Then both networks plays against each other, learning the opponent’s mode each step. We record the outcome of the results and analyze them.

Results

I don’t know why the result is so different from my last attempt. But HTM totally beats LSTM.
Figure_1

Even after 10x more games, LSTM still can’t catch up with HTM.

I guess this we where my side project ends. Maybe someone knows more about how LSTM works can explain why it is performing so poorly? Maybe we can modify the LSTM’s parameters so it works as well as HTM? Source code available here.

Note: How did I interface Etaler in Python without a Python wrapper?

ROOT, a data analysis framework developed by CERN supports parsing C++ headers and expose them in python automatically. The process is far from perfect, but it works well enough for a side project.

7 Likes

This is interesting. From the charts I can only guess LSTM would require a few million rounds to get even at predicting what opponent will do.

Did you count their actual moves (besides who won), to see whether some glitch makes it play one move more/less often than 33% ?

1 Like

When in that 200K sequence did the TM get some reinitialization steps ? Was it, to the contrary, fully in one go ? If so I don’t really understand this result.

1 Like

No, the TM is trained on the fly and never reinitialized. I’m thinking if it is caused by Etaler using a different synapses growing algorithm comparing to NuPIC.

Yes, this seems likely. Have you run a competition between NuPIC.core and Etaler?

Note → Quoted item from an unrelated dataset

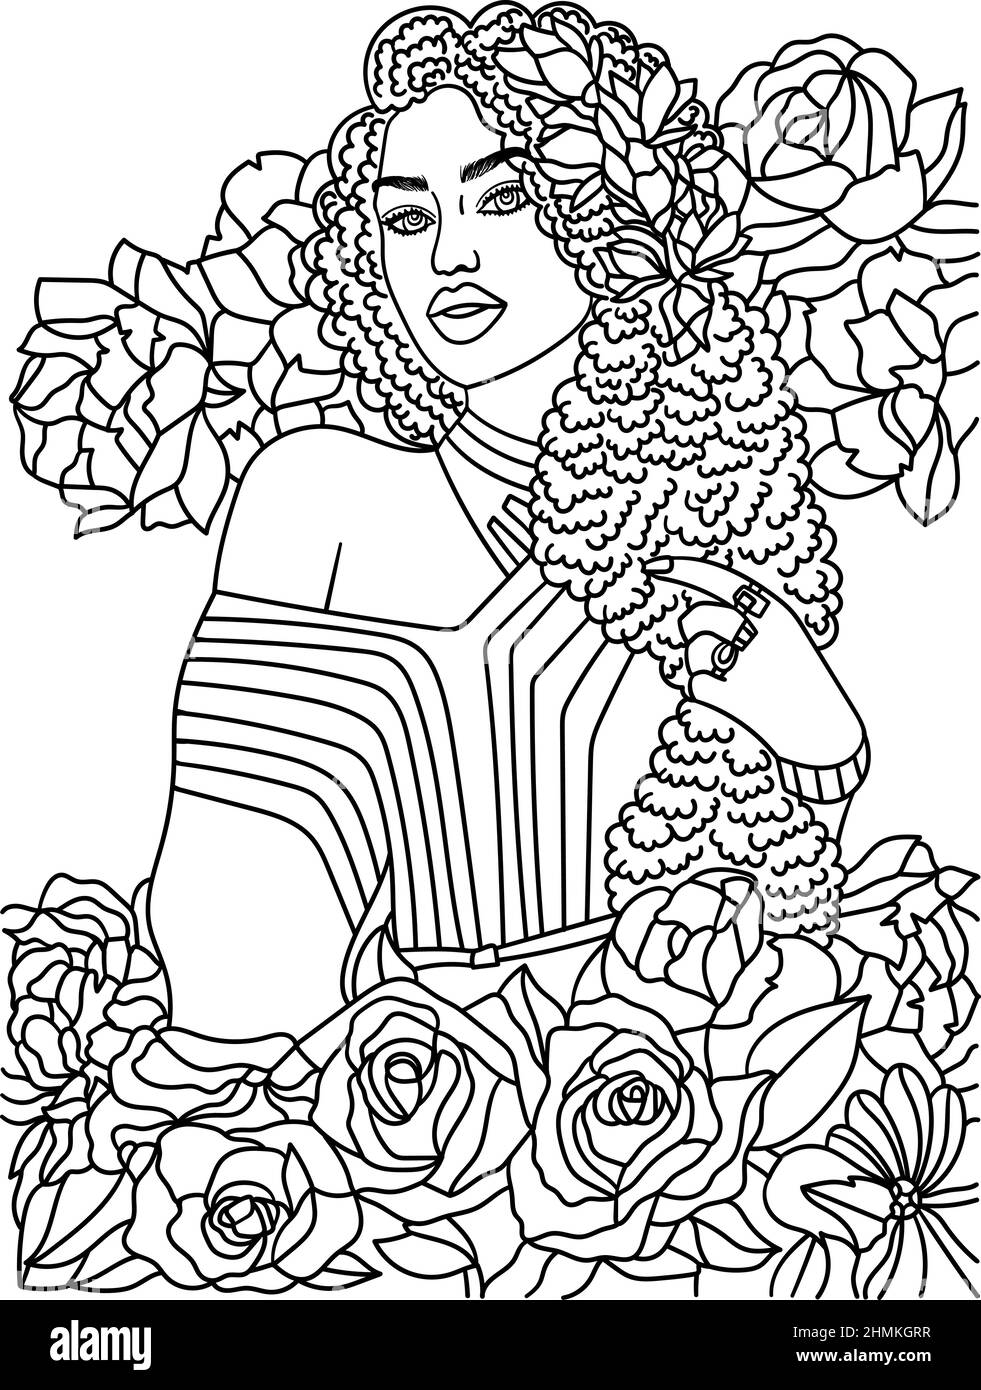 African American Flower Girl Adult Coloring Page  Stock Vector

Another interesting match would be PyTorch vs tiny-dnn.

2 Likes

I’ll tackle it when I have more free time :slight_smile:

Unfortunately that’s very hard. tiny-dnn is way too big for ROOT to JIT the entire library. It takes like 3GB of RAM and a few minutes just to load tiny-dnn into ROOT.

2 Likes

I’ve been thinking about this, and it’s certainly not obvious why the different synaptic growing algorithm would have such a major advantage when used for this particular task. I figured I would share some thoughts I had which might be relevant. Of course the other likely possibility could be some problem with the PyTorch configuration.

The first obvious thing to point out is that none of these algorithms are playing the game in quite the same way as most humans would. They cannot rely on psychology or strategy… they are simply trying to recognize and predict a sequence of moves that they have previously seen the other side perform. Their output is hard-coded to take each predicted next move and perform its counter move, thus forming a new sequence that the other side must learn.

With this in mind, I would have predicted that HTM should have a clear advantage in this type of match, since it is capable of learning new sequences much faster than most classic ML algorithms. The classic algorithm would need to run through the same sequence a greater number of times to learn it, during which HTM would be correctly predicting many of its moves.

Strangely, that is not what we saw in the first round though (tiny-dnn VS NuPIC.core). NuPIC had only a slight advantage over tiny-dnn. Why were the results in this round so different? I’m thinking it is related to the disambiguation process, and some advantages that Etaler has over the classic TM algorithm in this area.

Etaler grows a single distal segment per cell, and that one segment always connects up to “max synapse per cell” in each learning step. In the classic TM algorithm, this is roughly equivalent to setting “max segments per cell” = 1 and “max new synapse count” = “max synapses per segment”. I suspect that this will result in a reduction in the number of different contexts that a given cell can be a part of (compared to the classic TM algorithm). Instead, a cell in a given context will more readily mutate into a new context, forgetting its previous contexts.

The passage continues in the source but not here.